Looks like another interesting and considerable approach, but I guess as a Zend Framework 'feen' I will stick to the described approach; but kudos for sharing.

Nevan said...

Thanks for this code. I was having problems with curl downloading the BBC page, so I saved a local copy of the page and queried my own localhost.

$scraper = new Bbc_DnbCharts_Scraper('http://localhost/php/zend/dnb.html');

I later found that if I added an extra curl_opt, the BBC page came through OK:

curl_setopt($curl, CURLOPT_HEADER, 0);

Thanks again for this useful code, I always use PHP with regex to scrape pages, I'll try this approach next time.

Fuller said...

I have implemented a web scraper as a Firefox extension because I want to make full use of the power of the browser. XSLT, XPath, DOM and Mozilla specific technologies are used to transform Web pages and to extract data snippets.

There are some articles at the site:
http://www.gooseeker.com/en/node/product/front

Anonymous said...

Thanks for the nice tutorial.
The results are in plain text, which is fine but i also need to preserve some html tags from the website, for example the and tags
Can you tell me how to achieve that? is it possible at all? I only need to keep parts of xthml and reformat it. Maybe in that case regex are more appropriate? Thank you

Raphael Stolt said...

Thanks for stopping by and the kudos.

Sorry for the late response, I've quickly tried to get a specific HTML part with Zend_Dom_Query, but I couldn't get it to work(yet). If Ruby is an option for you have a look at Hpricot which provides this feature; otherwise I guess you've to take that 'old' regex approach.

Elazar said...

As a ZF 'feen,' I'm a bit surprised you resorted to using cURL rather than Zend_Http_Client. :P I find the latter a lot more pleasant to use than the former. Good post though.

Raphael Stolt said...

Hi Elazar,

You're right the use of Zend_Http_Client would be a consistent approach for a Zend Framework feen; but as I wanted to put the spotlight/focus on Zend_Dom_Query I can live with it.

Anonymous said...

Interesting points on web scrapers, For simple stuff i use python to get or simplify data, data extraction can be a time consuming process but for other projects that include documents, the web, or files i tried "web scraper" which worked great, they build quick custom screen scrapers, web scrapers, and data parsing programs

Term Papers said...

I have been visiting various blogs for my term papers writing research.

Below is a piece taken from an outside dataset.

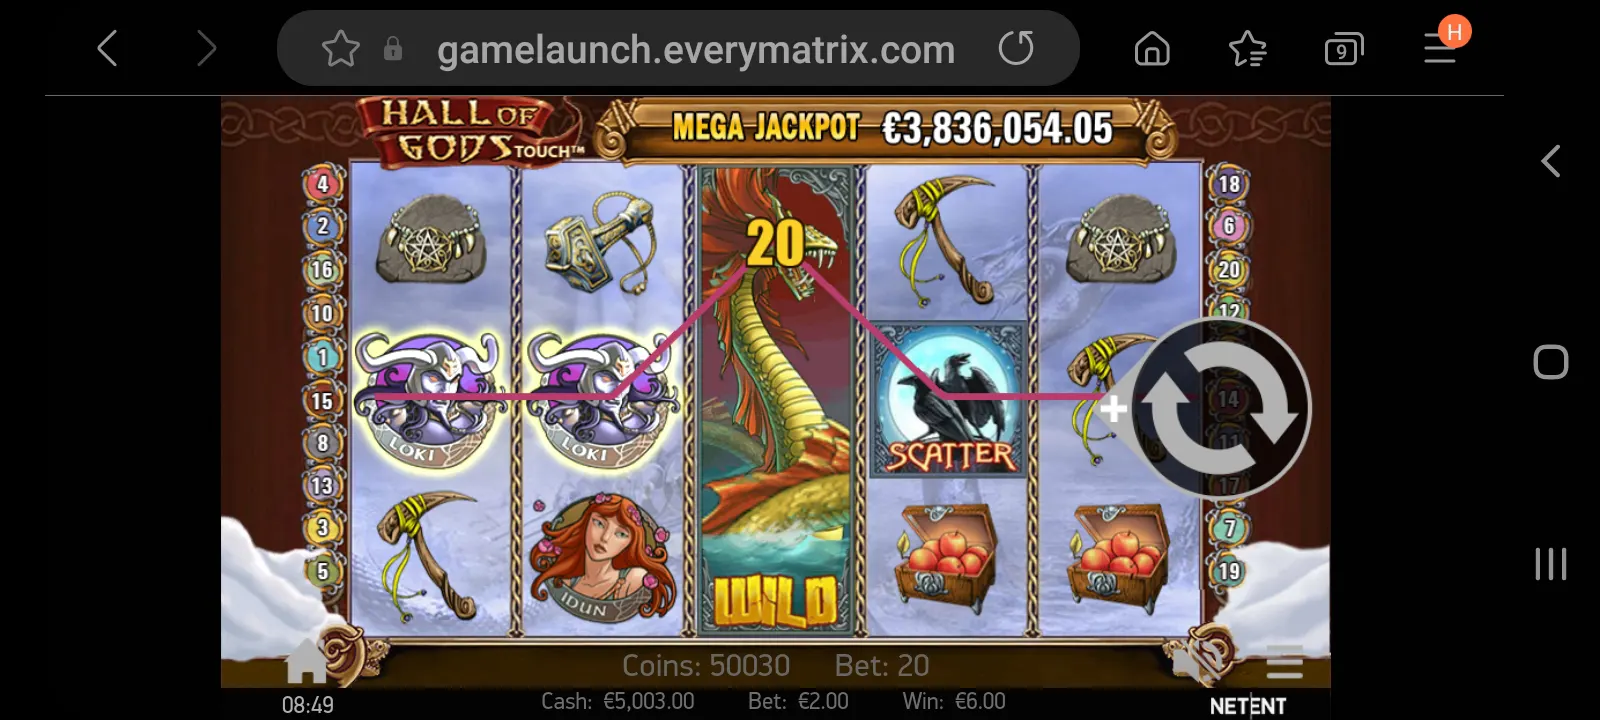 Genesis casino app screenshot 6

I have found your blog to be quite useful. Keep updating your blog with valuable information... Regards

pancy1 said...

Hi there, I have the approximately the same task and I was wondering where to put the above code you wrote, in a Controller? Model? View?

I am new in Zend Framework...

Raphael Stolt said...

Hi pancy1,

I would put in the model or better said a Service providing the scraping functionality; definitely not the view or controller.